Für das Jahr 2002 lassen sich mehrere thematische Schwerpunkte nennen, an denen meist jeweils mehrere Mitglieder des Instituts beteiligt waren:

  • Wie schon in den letzten Jahren waren die »Globalisierung« sowie ordnungspolitische und ethische Aspekte der Weltwirtschafts- und Entwicklungspolitik wieder ein wichtiges Themenfeld. Mehrere Mitglieder des Instituts hielten Lehrveranstaltungen und Vorträge zu diesem Problemkreis. In diesem Zusammenhang zu nennen ist auch die Mitarbeit von J. Müller und J. Wallacher in verschiedenen Gremien im Rahmen der Kommission X »Weltkirche« der Deutschen Bischofskonferenz. Im Frühjahr wurde J. Wallacher zum Mitglied der Sachverständigengruppe »Sozialethik und Weltwirtschaft« der Wissenschaftlichen Arbeitsgruppe für weltkirchliche Aufgaben der Deutschen Bischofskonferenz ernannt. Am 22. Januar wurde in Frankfurt/M. die unter Mitarbeit von J. Müller und J. Wallacher erstellte Studie »Globale Finanzierung und menschliche Entwicklung« der Öffentlichkeit vorgestellt. Zur Eröffnung der Fastenaktion 2002 von Misereor fand eine Kooperationstagung von Misereor, der Katholischen Akademie in Bayern und des Forschungs- und Studienprojekts »Globale Solidarität« der Rottendorf-Stiftung an der Hochschule zum Thema »Dienst am gerechten Frieden« teil, an deren Vorbereitung und Durchführung einige Mitglieder des Instituts beteiligt waren.

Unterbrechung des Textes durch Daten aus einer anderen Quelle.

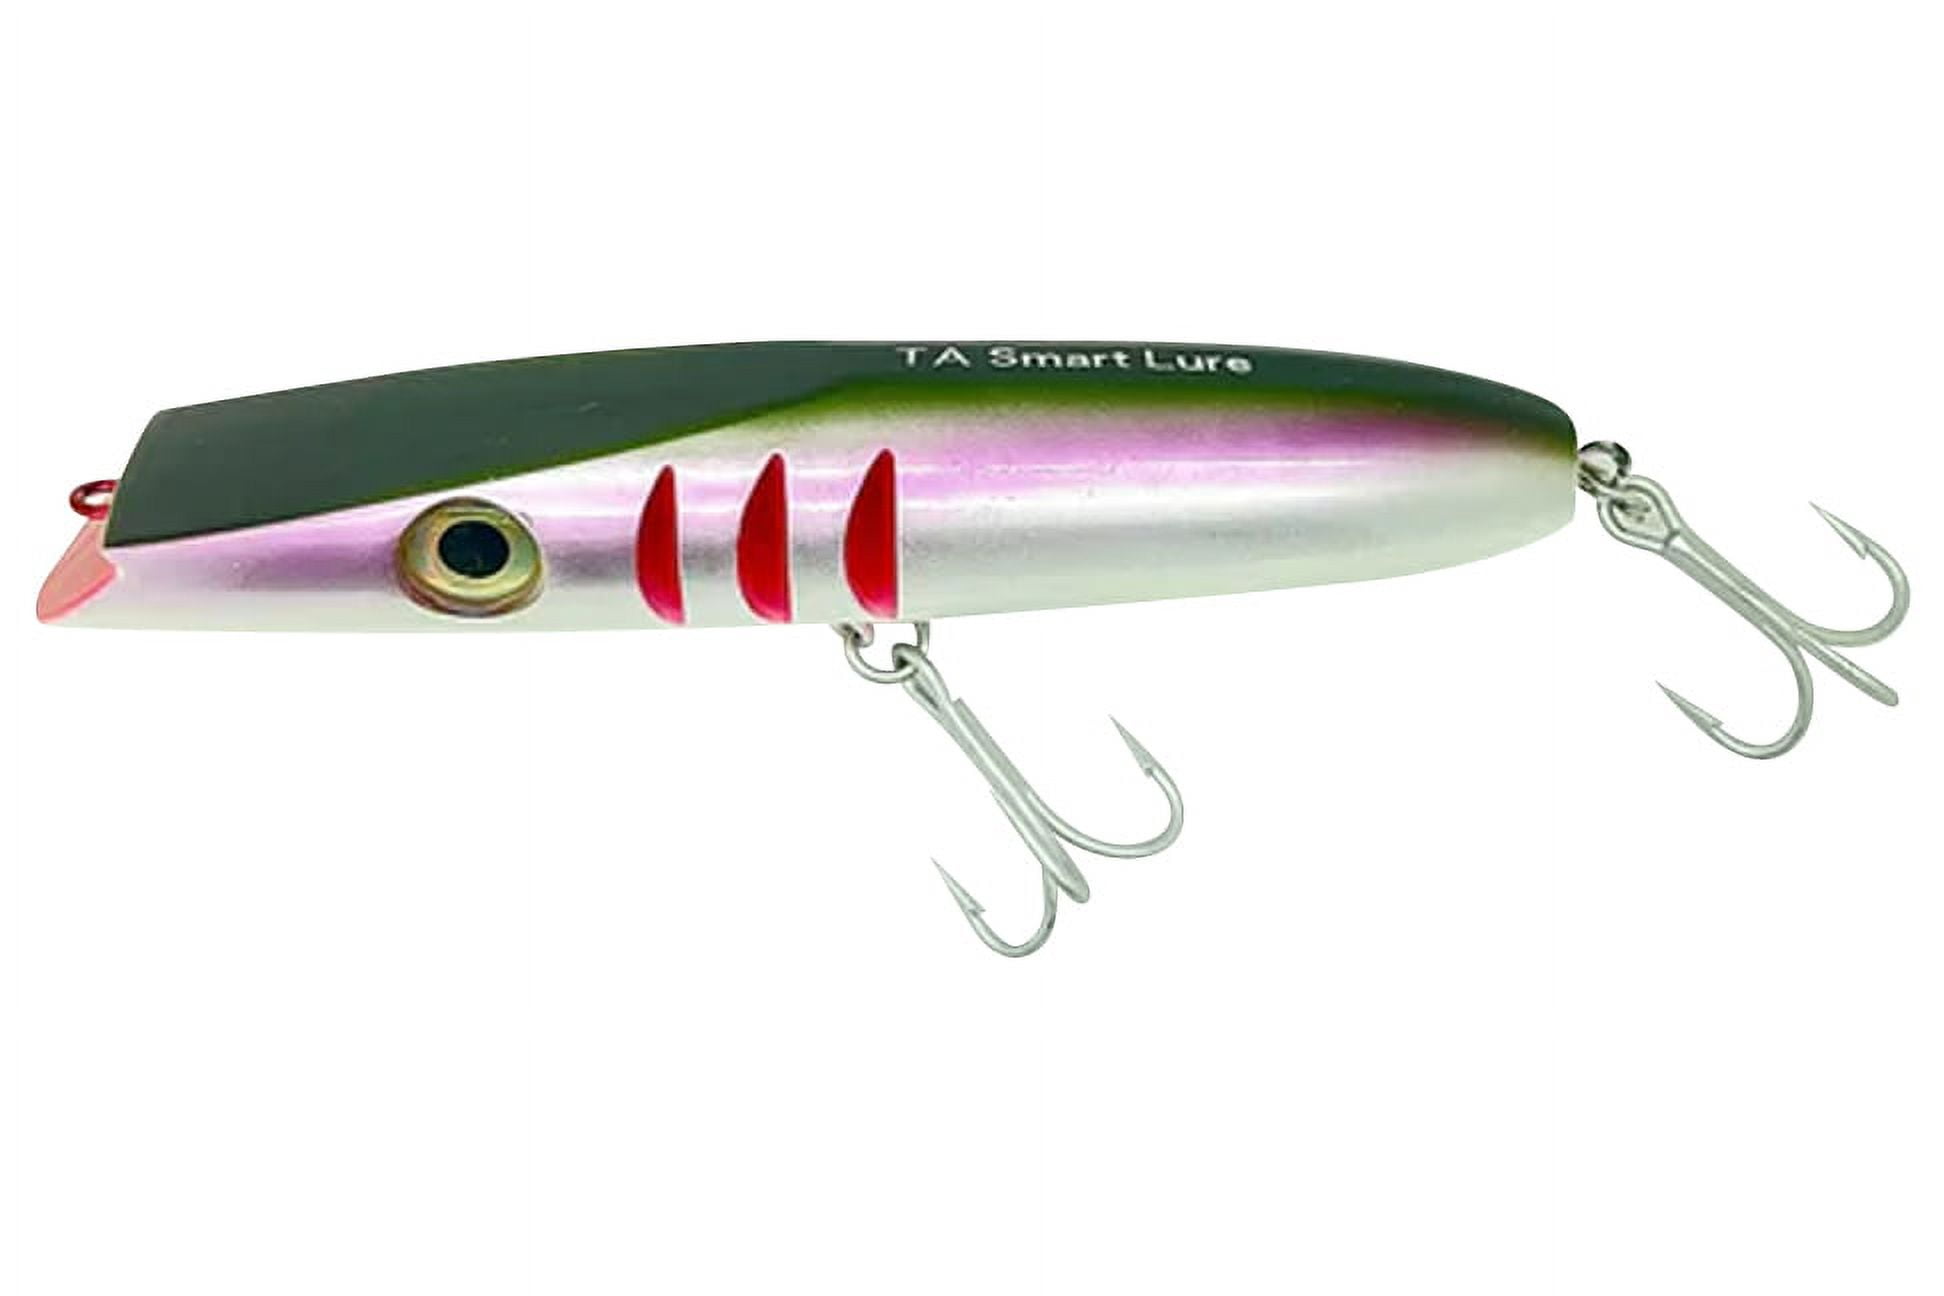 Tactical Anglers Sub Darter Smart Lures, 7, 3oz, Olive & Turquoise

  • Eine enge Zusammenarbeit gab es bei verschiedenen Projekten mit dem Heinrich-Pesch-Haus (HPH) in Ludwigshafen: M. Schöpf übernahm die Leitung der vom HPH initiierten Seminarreihe »Soziale Netze in Europa«. Das Institut bereitet bis zum Herbst 2003 das sozialwissenschaftliche Material für ein E-Learning-Programm über Globalisierung vor, M. Reder zeichnet dabei für die Koordination verantwortlich. In Zusammenarbeit mit der BASF und dem HPH bereitet das Institut ein jährlich geplantes »Ludwigshafener Gespräch« vor. Das erste Treffen dieser Art soll am 23./24.10.2003 zum Thema »Sozialkapital« stattfinden. Die Koordination nimmt auf Seiten des Instituts J. Wallacher wahr.

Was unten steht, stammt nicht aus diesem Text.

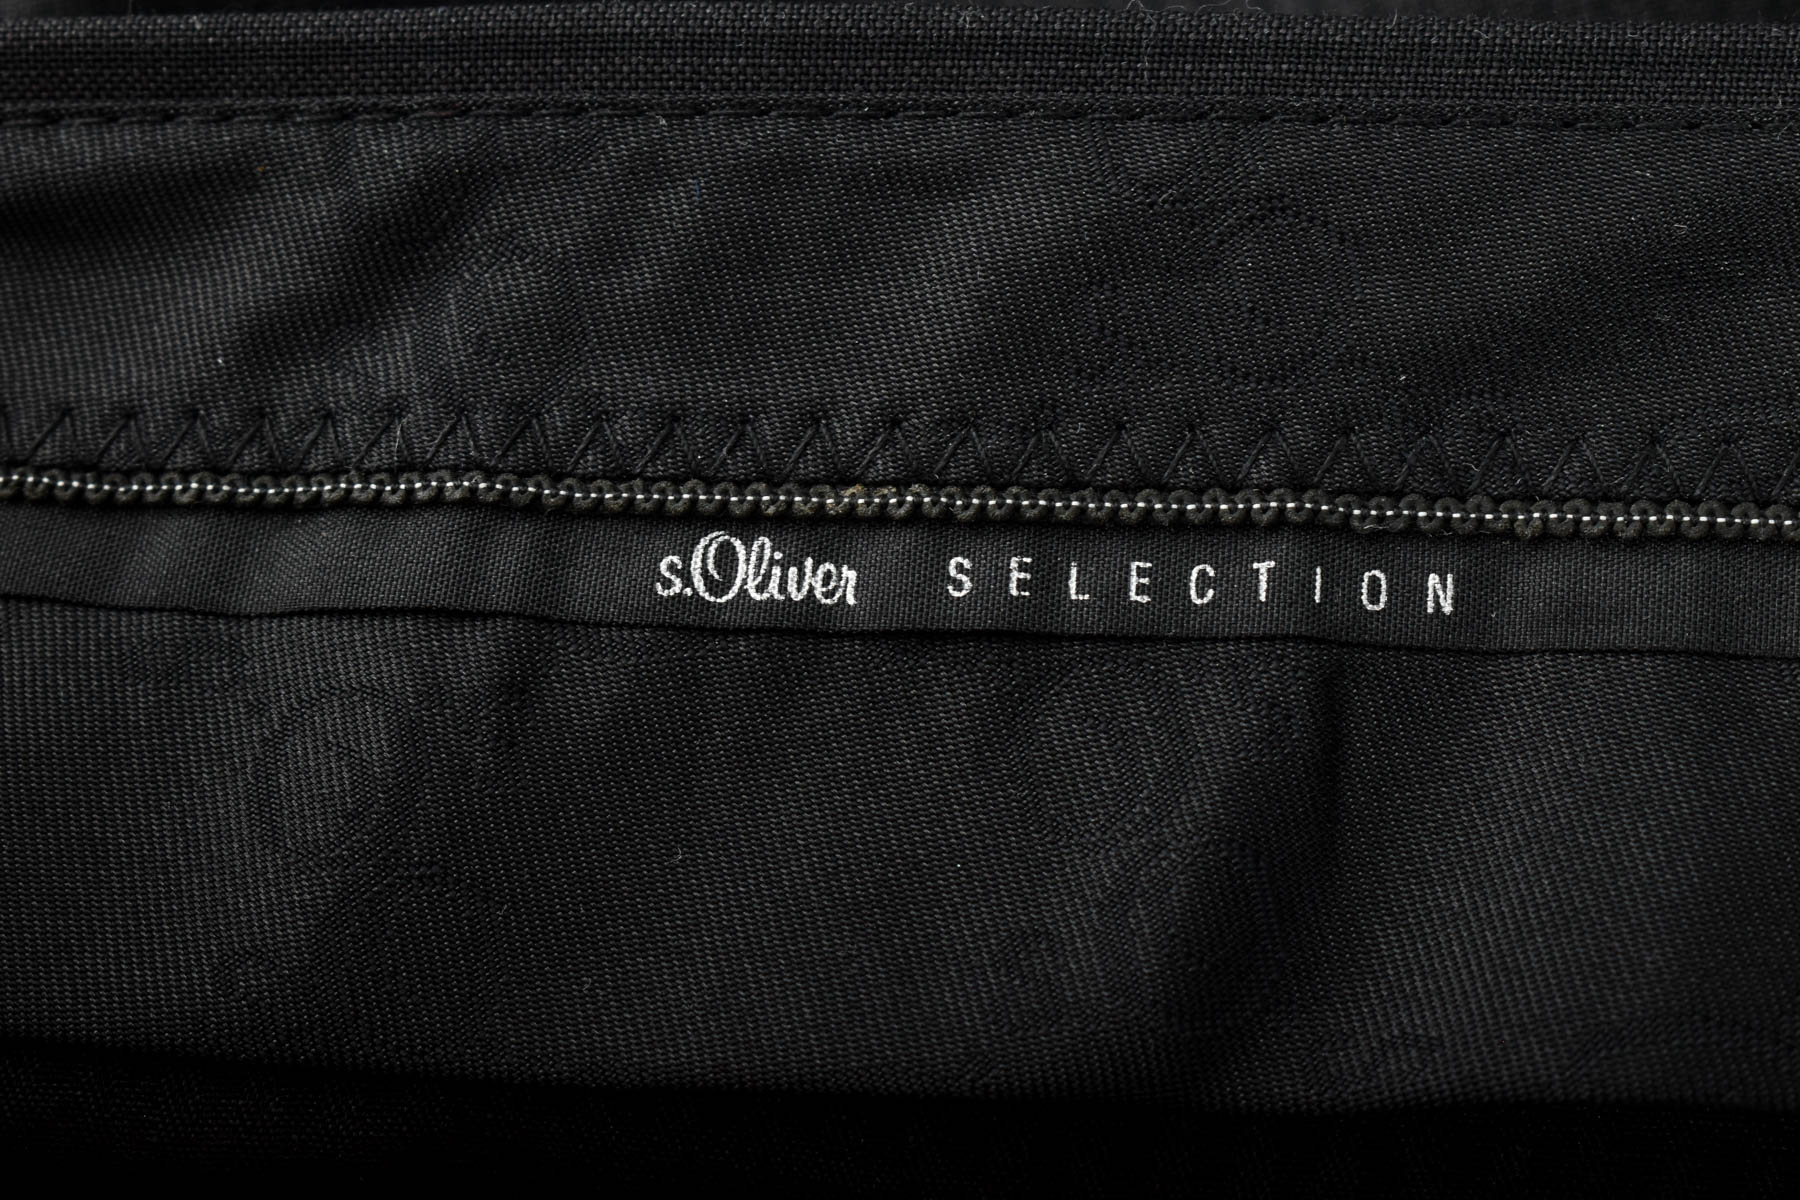 Men's trousers - SELECTION by S.Oliver - 2

  • Das Institut ist auch weiter in der Arbeit zur Förderung der Menschenrechte engagiert. Der von K. Dietrich 2001 in den »Stimmen der Zeit« veröffentlichte Artikel zur Religionsfreiheit in Vietnam wurde auch in der italienischen Jesuitenzeitschrift »aggiornamenti sociali« veröffentlicht und hat dazu beigetragen, dass dieses Thema politisch mehr Aufmerksamkeit findet, wie ein vom Deutschen Bundestag einstimmig angenommener Antrag zu den Menschen- und Minderheitenrechten in Vietnam zeigt. In diesem Zusammenhang ist ferner die Mitarbeit des Instituts beim Jesuit Refugee Service (JRS) zu nennen, besonders die Arbeit von M. Schöpf im europäischen Leitungsteam des JRS und die Tätigkeit von M. Hainz im Problemfeld der Abschiebehaft.
  • M. Hainz und M. Schöpf veranstalteten im Noviziat der deutschen Jesuiten in Nürnberg ein Seminar über »Glaube und Gerechtigkeit«.
  • M. Hainz und J. Wallacher referierten in St. Ottilien vor Führungskräften aus Südkorea zu Themen aus der Katholischen Soziallehre und der Wirtschaftsethik.